For groups, the PRA expects firms to consider group-specific risks (such as leverage, dividend sustainability, access to funding, and liquidity) as well as group-wide risks (those risks associated with businesses owned by the group) including the risks from non-regulated, non-financial and non-EEA entities.

7.1

The PRA expects the assessment of firms’ solvency over the business planning period to form part of the ORSA process and report. In addition to articulating current regulatory (solvency capital requirement (SCR) and minimum capital requirement (MCR)) and own view of capital, the report is expected to highlight why firms believe capital buffers to be appropriate, set a capital contingency plan in case it breaches the required capital level, and include an assessment of the impact of any stress testing. The PRA expects key aspects of the methodology used and any deviations from the standard formula or internal model calculations to be explained.

7.2

The report is expected to state clearly the quality of own funds and how this is likely to change over the business planning period. Dividend policy is a key point in this assessment.

7.3

The PRA expects group reports to explain the derivation of the group solvency position, and any diversification benefit. This will include the capital position of any key subsidiaries, as well as the management actions the entities and the group could take if needed, and an assessment of the availability and transferability (fungibility) of own funds.

8.1

The PRA expects the ORSA to include a sufficiently wide range of plausible stress tests derived from the strategy and key risks identified during the process, to include a summary of the outputs from these tests and to describe how they affect firms’ solvency positions before and after proposed management actions.

8.2

The PRA expects firms to apply reverse stress testing as part of their ORSA process. The ORSA report should define what constitutes business failure and then detail what events could drive that outcome.

8.3

Firms are expected to perform sensitivity tests as part of stress testing. Within this assessment, firms are expected to identify key model assumptions and parameters used, given changes in parameters and its impact on capital.

8.4

The PRA expects firms to consider the quality and volatility of own funds with consideration of the capital’s loss absorbing capacity under different scenarios.

9.1

Where a group has received approval from the PRA to submit a single ORSA report which covers a number of entities,⁶ the PRA expects it to describe how the boards of each of the individual entities are involved in the process and sign-off.

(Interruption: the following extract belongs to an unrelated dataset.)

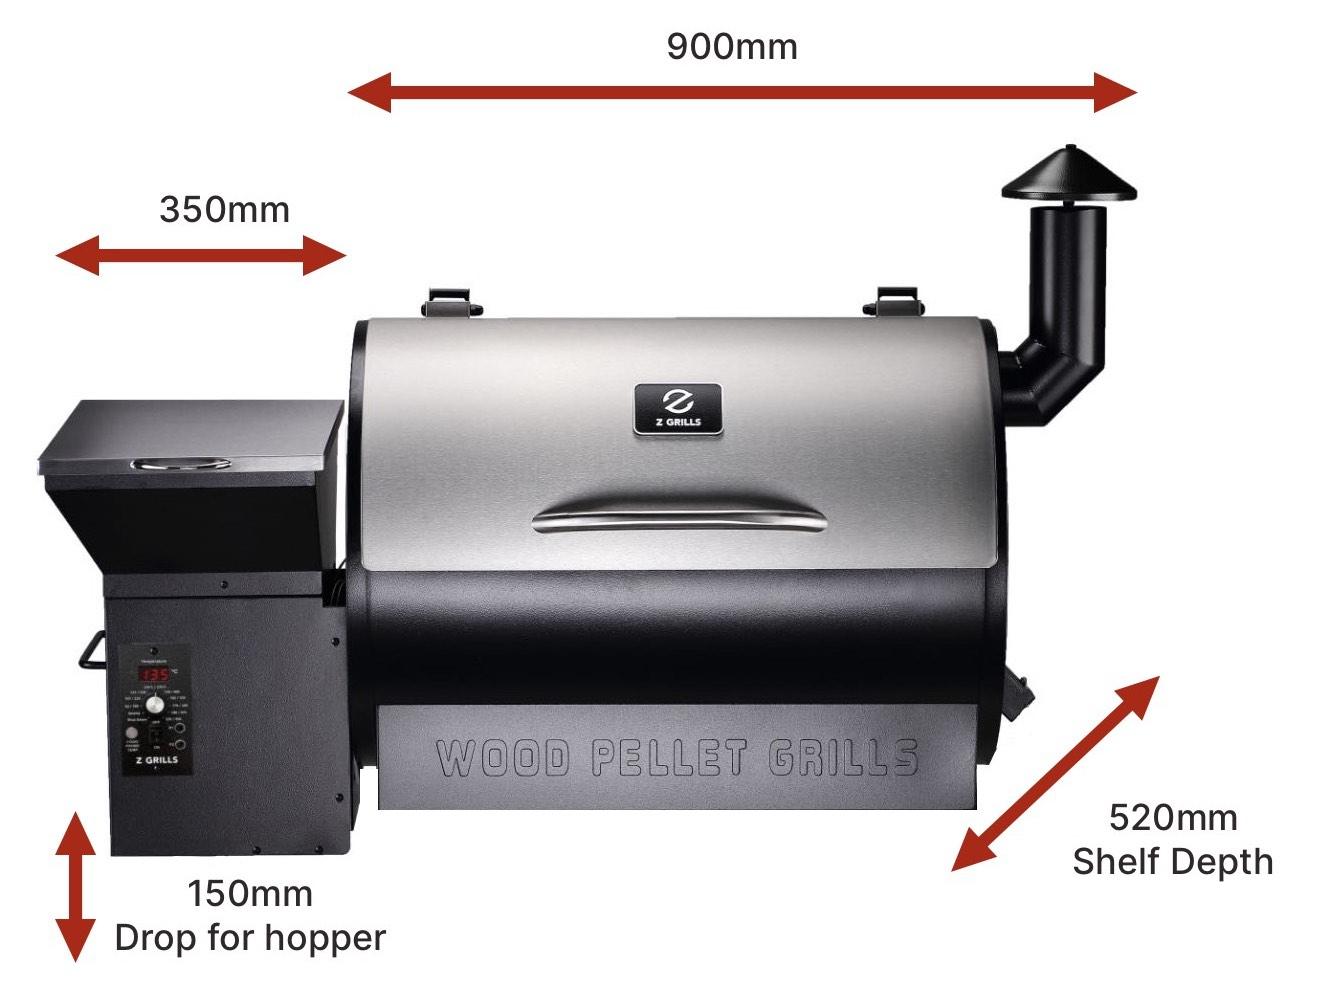 Z Grills 700E-XL Pellets Smoker Built in BBQ Dimensions

The report is expected to cover each of the entities to a suitable level of detail.

9.2

Conversely, where a group chooses to provide individual ORSA reports for each entity in the group, alongside a group ORSA covering just the group functions, the PRA expects the documents to describe how the individual ORSAs link to the overarching group ORSA.

9.3

The PRA expects group ORSAs to cover the business strategy, risk, capital and stress testing of the group as well as a consideration of the strategies of group businesses and any risks they may present.

10.1

The PRA expects, in line with Guideline 10 of the EIOPA Guidelines on own risk and solvency assessment,⁷ that all internal model firms’ ORSA reports will confirm and evidence the continued adequacy of the model to calculate the solvency capital requirement, and will confirm that all risks identified by the firm are included in the internal model. Any risks which are not accounted for in the internal model are expected to be included in the ORSA along with a justification for their exclusion from the model.

11.1

The PRA expects firms using the standard formula to explain clearly within the ORSA report where the firm’s own risk profile deviates from the standard formula assumptions, and conclude whether the standard formula is appropriate for the risks in the business and is representative of its risk profile. The PRA expects firms to consider any material deviations of the risk profile from the standard formula, and to demonstrate how the ORSA framework will be used by the firm to monitor, on an ongoing basis, the appropriateness of the standard formula.